File size: 6,094 Bytes

---
tags:
- generation
- protein-sequence
- rna-sequence
- pytorch
---

# Protein to RNA CDS Sequence Generation Model

This model is a custom PyTorch model designed to generate RNA CDS sequences from protein sequences. It utilizes a custom transformer-based architecture incorporating an ESM-2 encoder and a Mixture-of-Experts (MoE) layer.

## Model Architecture

The model `ActorModel_encoder_esm2` is defined in `utils.py`. 
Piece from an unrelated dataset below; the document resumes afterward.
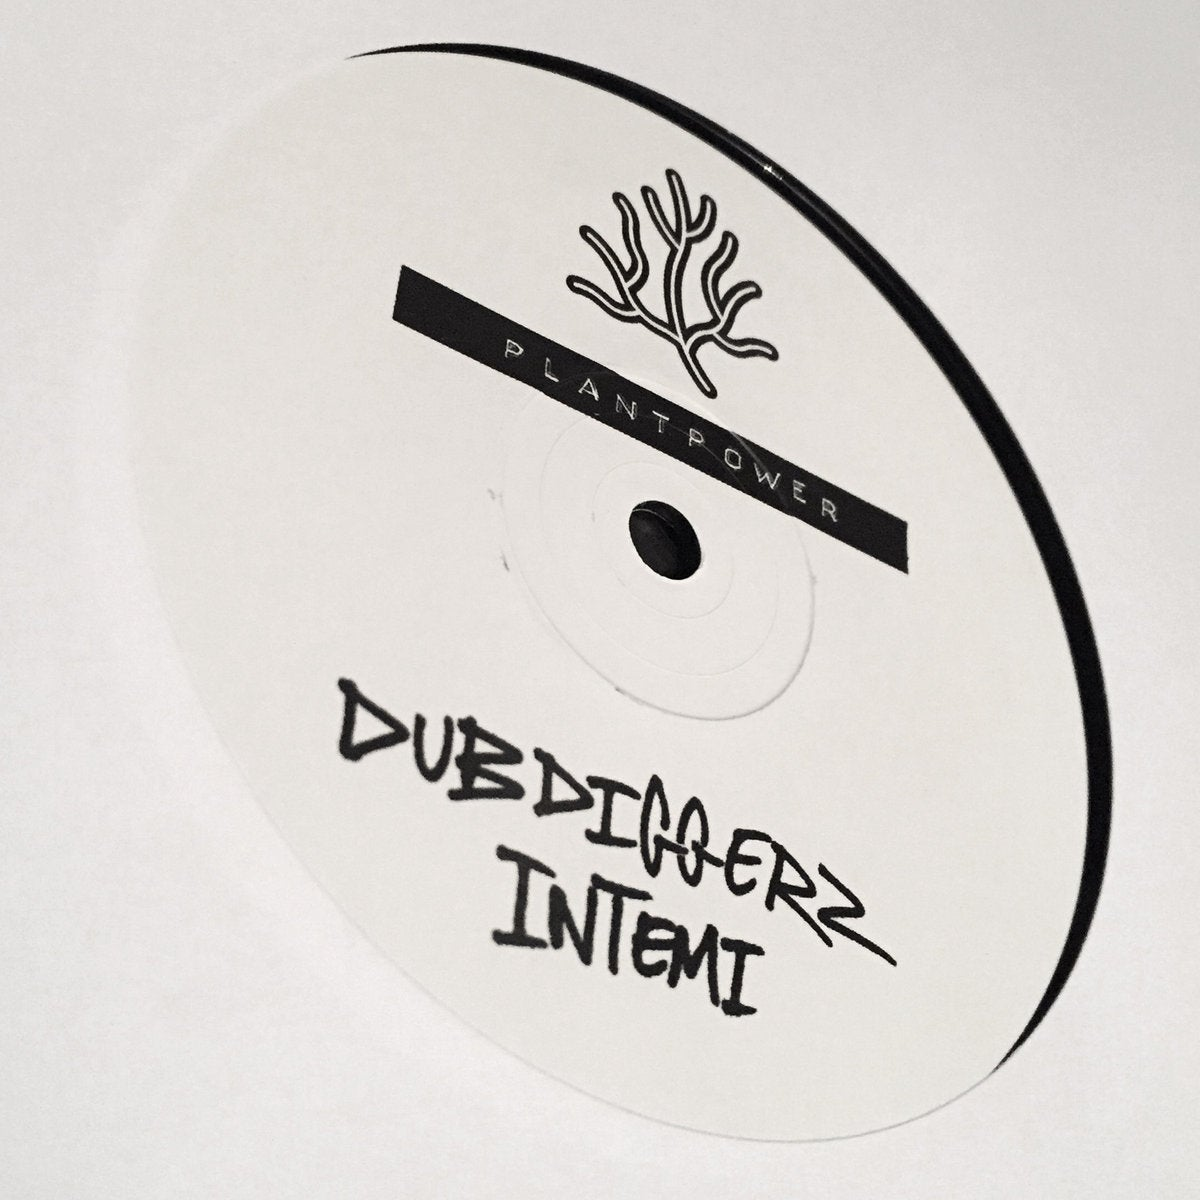 "Image of DubDiggerz - Spear Dub/ InTemi  12"" vinyl"

The key parameters used for instantiation are:

- `d_model`: Dimension of the model's internal representation (768).
- `nhead`: Number of attention heads (8).
- `num_encoder_layers`: Number of transformer encoder layers (8).
- `dim_feedforward`: Dimension of the feedforward network (`d_model * 2`).
- `esm2_dim`: Dimension of the ESM-2 embeddings (1280 for esm2_t33_650M_UR50D).
- `dropout`: Dropout rate (0.3).
- `num_experts`: Number of experts in the MoE layer (6).
- `top_k_experts`: Number of top experts to use (2).
- `device`: The device to run the model on.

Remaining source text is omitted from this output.